Tail Length	Time (ns, relative to TL=1)
1,	1.0
2,	1.1209763106021202
4,	1.450454106412358
8,	2.119564980202834
16,	3.3017124757373306
32,	6.015886260665994
64,	11.696052411165708
128,	23.113525354604906
256,	45.930820600690446
512,	91.53868614042064
1024,	182.80684011048763
2048,	365.3415016794289
4096,	730.4373593487122

When I plot these figures, they show exactly what we expect - linear execution time, from the outer loop. I eyeballed it as roughly fitting y=0.176x:

michelf · October 16, 2023, 10:46pm

The actual complexity is O(firstCharacterSize * tailLength). If you only increase one of the two variables then it's indeed linear, but when both are increased together it becomes O(n).

If you were increasing the size of the tail and the size of the combining character together, you'd get a different curve.

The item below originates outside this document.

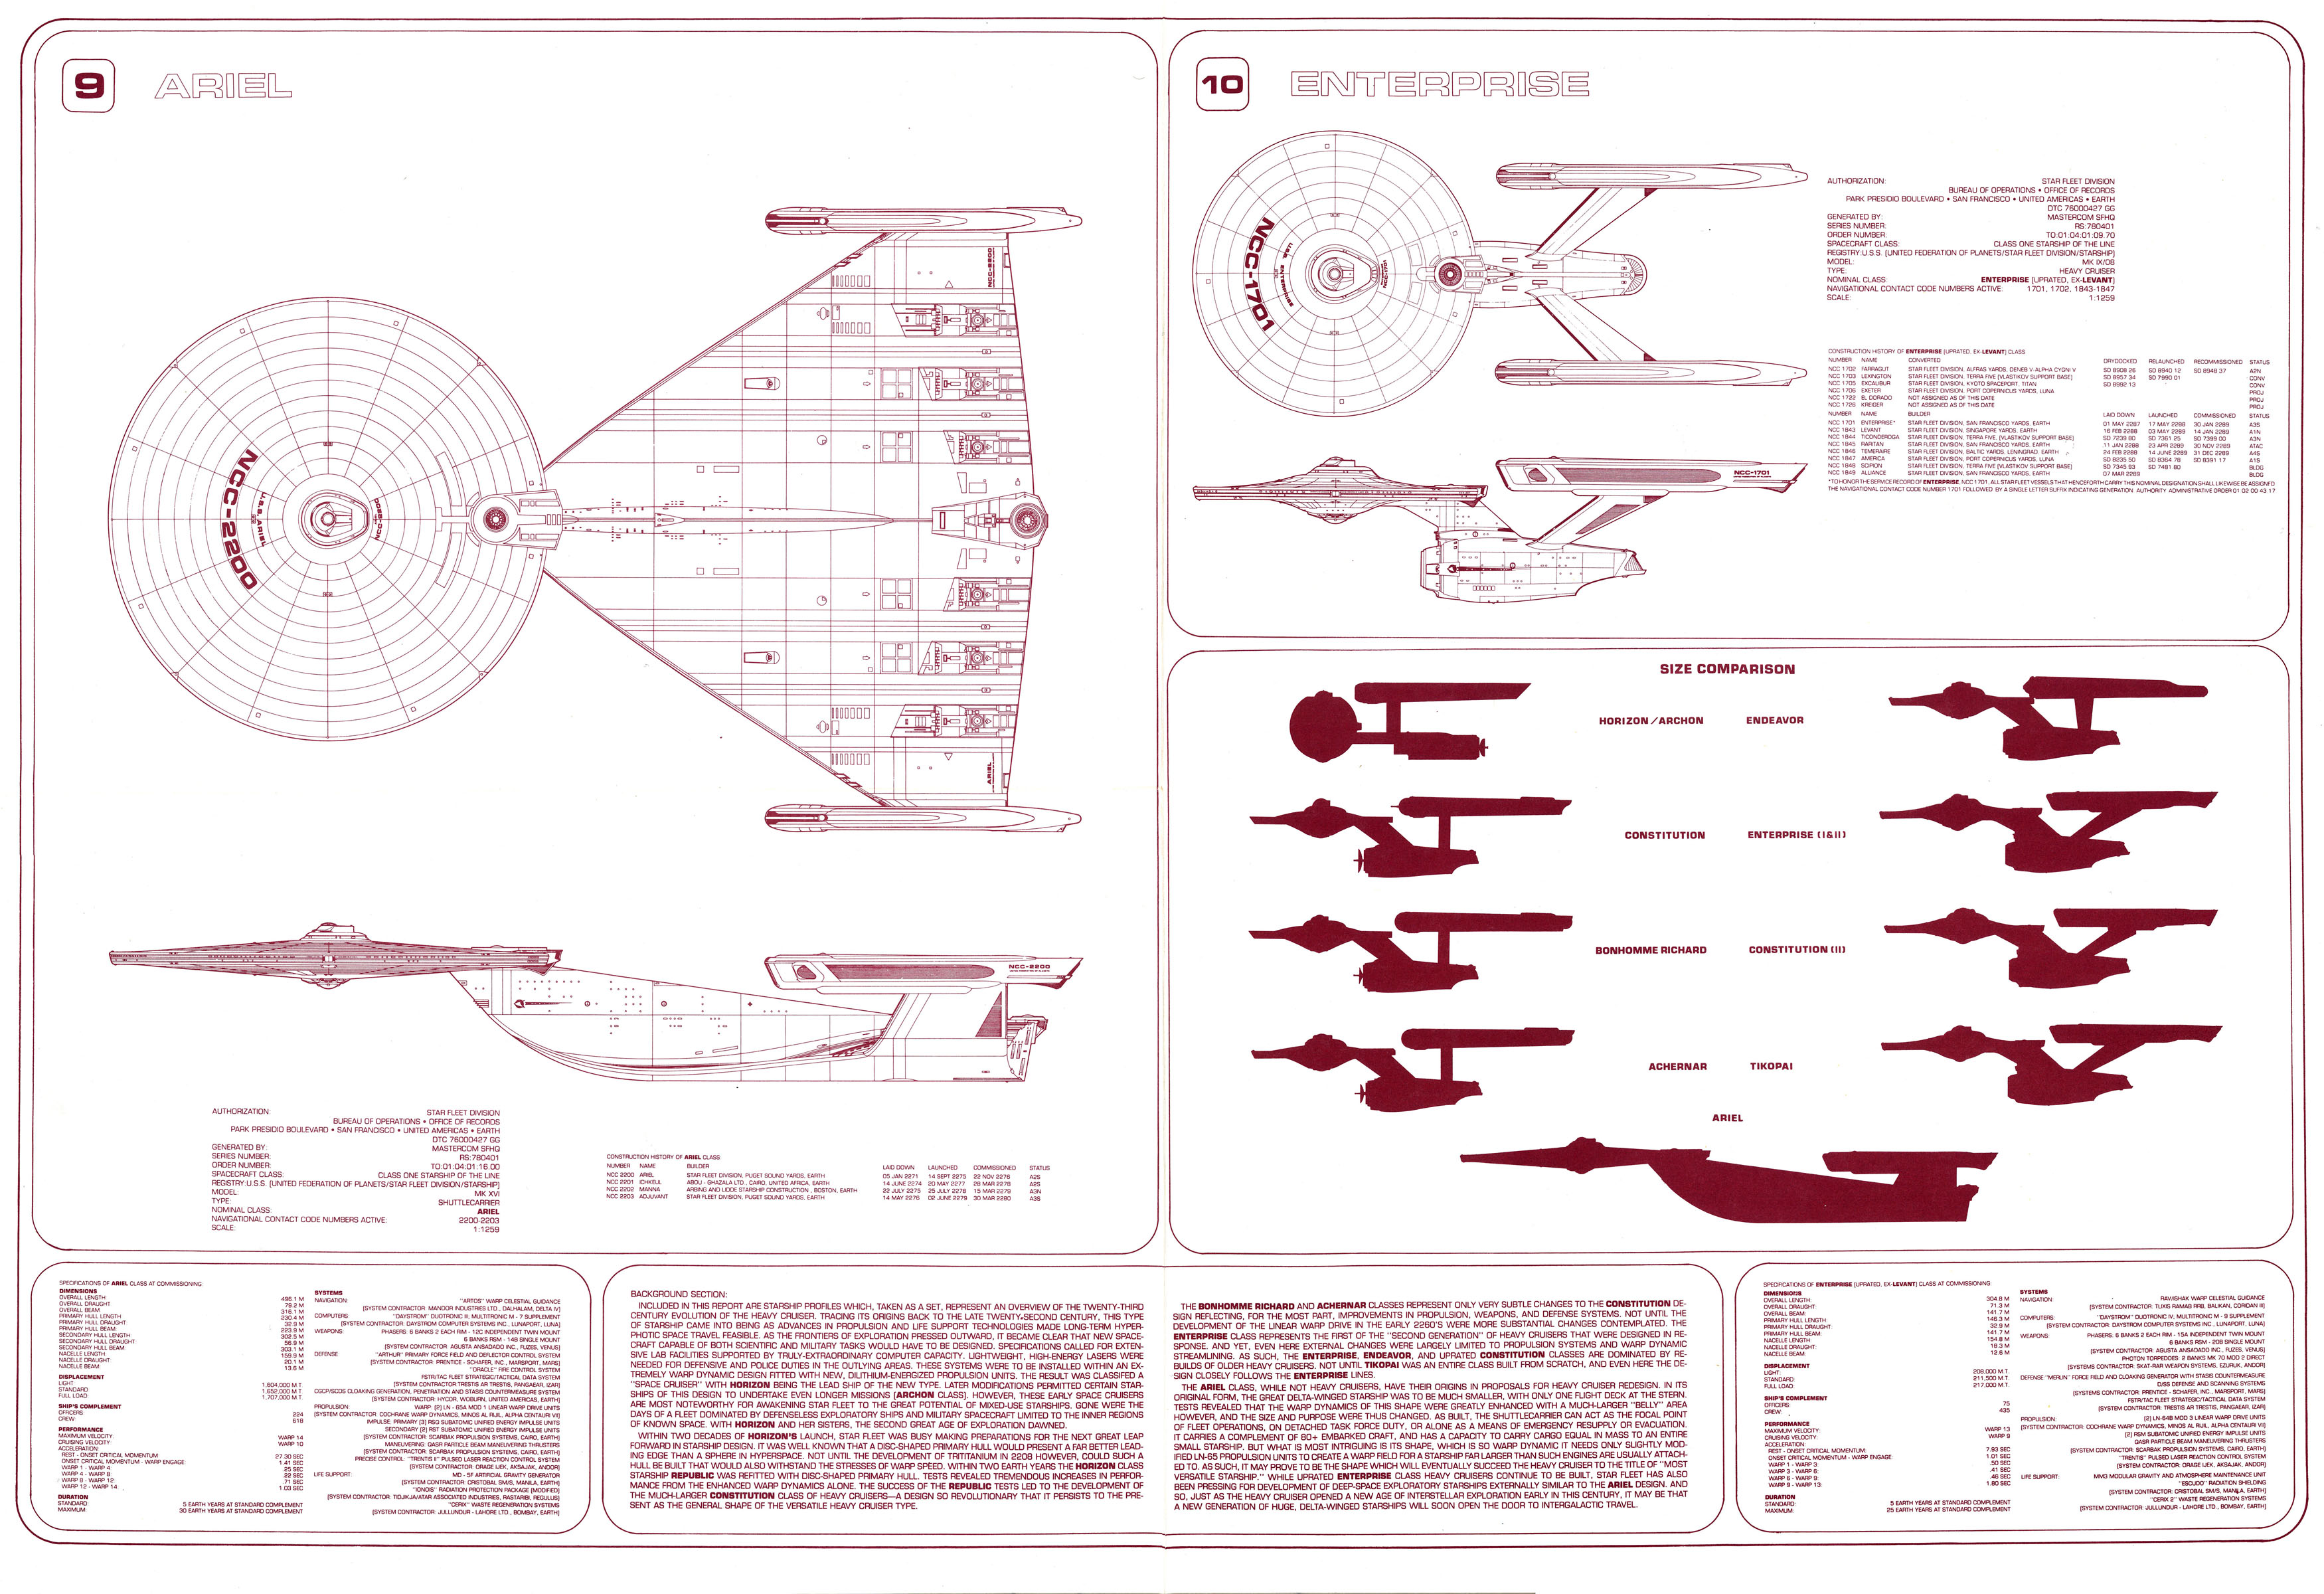 U.S.S. Enterprise Heavy Cruiser Evolution Blueprints

Here's what I get after such a tweak:

Total String Length (2 * 2^n + 1)	Time (ns, relative to TL=1)
3	1
5	0,11738926279543
9	0,217352741691449
17	0,619554442531434
33	1,83257682475087
65	6,26942140136693
129	22,5517817081442
257	78,8247508738978
513	304,120780508165
1025	1181,0229039495
2049	4621,93697500913
4097	18319,514008452
8193	73046,5274690875
16385	291843,283142902
32769	1166561,86414149

To get these results, I changed the first part of your script to this:

func pathological(_ length: Int) -> String {
	"a" + String(repeating: "\u{302}", count: length) + String(repeating: "x", count: length)
}

var strings = [(Int, String)]()
for n in 0...14 {
    let length = 1 << n
    strings.append((length, pathological(length)))
}

jrose · October 16, 2023, 10:48pm

When you have two variables to change, you should name them separately. You have a loop body that does O(firstCharacter) work and you loop it O(fullLength) times; that's an O(N * M) operation, even when M affects N.

michelf · October 16, 2023, 11:34pm

True. I should have made that clearer. Sorry for the confusion.

tera · October 16, 2023, 11:59pm

With all above in mind, shouldn't placed like these:

    /// - Complexity: O(1)
    public subscript(i: Substring.Index) -> Character { get }
    ...
    /// - Complexity: O(1)
    @discardableResult
    @inlinable public mutating func removeLast() -> Character

be changed to this instead:

    /// - Complexity: O(M), M is the number of unicode points of the resulting character

ellie20 · October 17, 2023, 2:00am

Not sure how useful this is, but I'd like to point out that Unicode describes an algorithm for generating "stream-safe text" that's intended to address a very similar issue that can arise from string normalization. A slightly different algorithm could be used to prevent extended grapheme clusters from becoming arbitrarily large.

lorentey · October 17, 2023, 3:09am

Extracting a Character out of a String has the same complexity as copying its Unicode scalars to a freshly allocated new String. (A Character is just a String with a guaranteed count of 1.)

This requires visiting each Unicode scalar in the Character.

So accessing a Character within a String value takes time proportional to its length in scalars.

No, this isn't a problem.

michelf:

And so, the following code becomes unexpectedly quadratic O(n^2) when the string starts with one long combining character:
for character in string {
   // checking if character is same as first character
   if character == string[string.startIndex] { print("same!") }
}

No, this is not a quadratic operation. The loop costs O(c*n) time, where n is the number of Unicode scalars in the entire string, and c is the number of scalars in its first character. c is a constant value.

There is nothing to mitigate here.

michelf · October 17, 2023, 3:30am

But I'm purposefully choosing c to be half the scalar length of the string: c = n/2. And so the whole thing becomes O((n/2)*n), same as O(n^2).